I spent several years' worth of weekends working on this, and I'm glad to see it here on Hacker News.
I started working on this problem when I learned about Lamping's algorithm for optimal lambda reduction [1]. He invented a beautiful algorithm (often referred to as his "abstract algorithm"), which uses fan-in and fan-out nodes to reduce lambda terms optimally (with optimal sharing). Unfortunately, in order to make it fully work, some fans needed to duplicate one another while others needed to cancel one another. To determine this correctly Lamping had to extend his abstract algorithm with several delimiter node types and many additional graph reduction rules. These delimiter nodes perform "bookkeeping", making sure the right fan nodes match. I was dissatisfied with the need for these additional nodes and rules. There had to be a better way.
My goal was to try to implement Lamping's abstract algorithm without adding any delimiter nodes, and to do it under the interaction net paradigm to ensure perfect confluence. I tried countless solutions, and finally Delta-Nets was born. Feel free to ask any questions.
I recently started building a programming language on top of Delta-Nets, called Pur (https://pur.dev/).
I linked to the paper in a recent comment [1]. The author has been active in the Higher Order Community Discord channel for quite a while. The Higher Order Company [2] is developing HVM (Higher Order Virtual Machine), a high performance implementation of interaction nets for both CPUs and GPUs, and started the channel to discuss development and related topics, such as the Bend language for programming the HVM, discussed on HN at [3].
The paper manages to present previous work on Levy's optimal beta reduction in a more streamlined fashion, generalizing duplicators to so-called replicators that avoid the need for separate book-keeping gadgets (like croissants and brackets)
. Its author also proves himself to be a skilled programmer in bringing his theory to life with this web based evaluator.
The app contrasts traditional graph-based λ-calculus reduction (which replaces nodes with entire subgraphs) with interaction (which makes only local modifications and hence needs more steps), while showing that semantics is preserved.
I find it much easier to see what is going on when selecting λ-calculus instead of Δ-Nets. E.g. for the mandatory Y Combinator,
λf.(λx.f (x x)) (λx.f (x x))
for which the difference with
λf.(λx.f (x x)) (λx.f (x x) f)
is very clear, whereas with Δ-nets the difference is more subtle. I guess it is because the visualization has more information than with the λ-calculus.

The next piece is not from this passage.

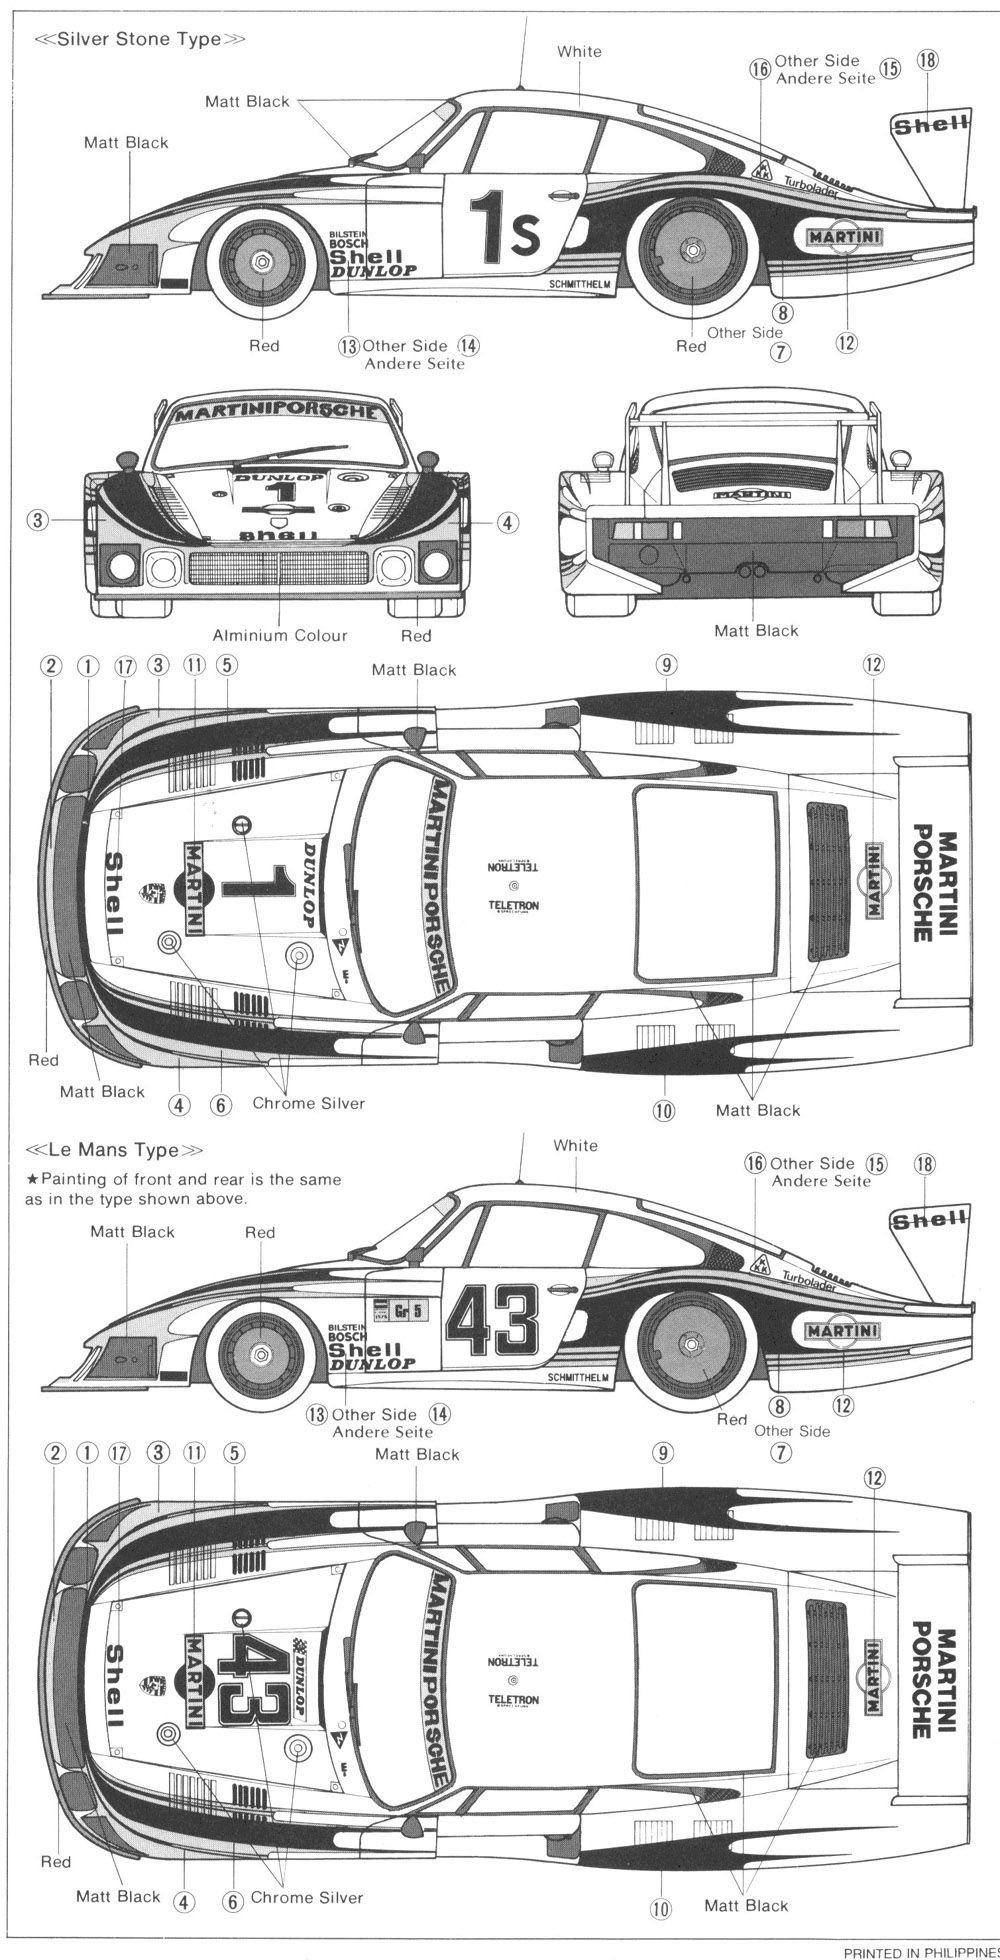 Porsche For Sale In Pelican Parts also Porsche 928 Throttle Body in addition Porsche Sticker additionally 121667627408206851 further Andy. on porsche 911 outlaw

I don't know much about any of this, and I'm far from an expert on the lambda calculus. But I skimmed paper by OP, which is informative: https://arxiv.org/abs/2505.20314
The lambda calculus is an alternate model of computation created by Alonzo Church in the 1930s. It's basically a restricted programming language where the only things you can do are define anonymous functions, and apply those anonymous functions to input variables or the output of other functions.
The Lambda calculus statement And = λp.λq.p q p is more conventionally notated as And(p, q) = p(q(p)).
You can reduce lambda expressions -- basically, this is "Simplifying this program as far as possible" what you expect a good optimizing compiler to do.
When there are multiple possible simplifications, which one should you pick? This is a complicated problem people basically solved years ago, but the solutions are also complicated and have a lot of moving parts. OP came up with a graph-based system called ∆-Nets that is less complicated and more clearly explained than the older solutions. ∆-Nets is a lot easier for people to understand and implement, so it might have practical applications making better performance and tooling for lambda-calculus-based programming languages. Which might in turn have practical benefits for areas where those languages are used (e.g. compilers).
The linked simulation lets you write a lambda calculus program, see what it looks like as a ∆-Net graph, and click to simplify the graph.
It's only tangentially related to OP, but YouTube channel 2swap recently had an interesting video about lambda calculus that you don't have to be an expert to enjoy: https://www.youtube.com/watch?v=RcVA8Nj6HEo
Cosign, 10 hours in and comments are exclusively people who seemingly know each other already riffing on top of something that's not clear to an audience outside the community, or replying to a coarser version of request with ~0 information. (some tells: referring to other people by first name; having a 1:1 discussion about the meaning of a fork by some other person)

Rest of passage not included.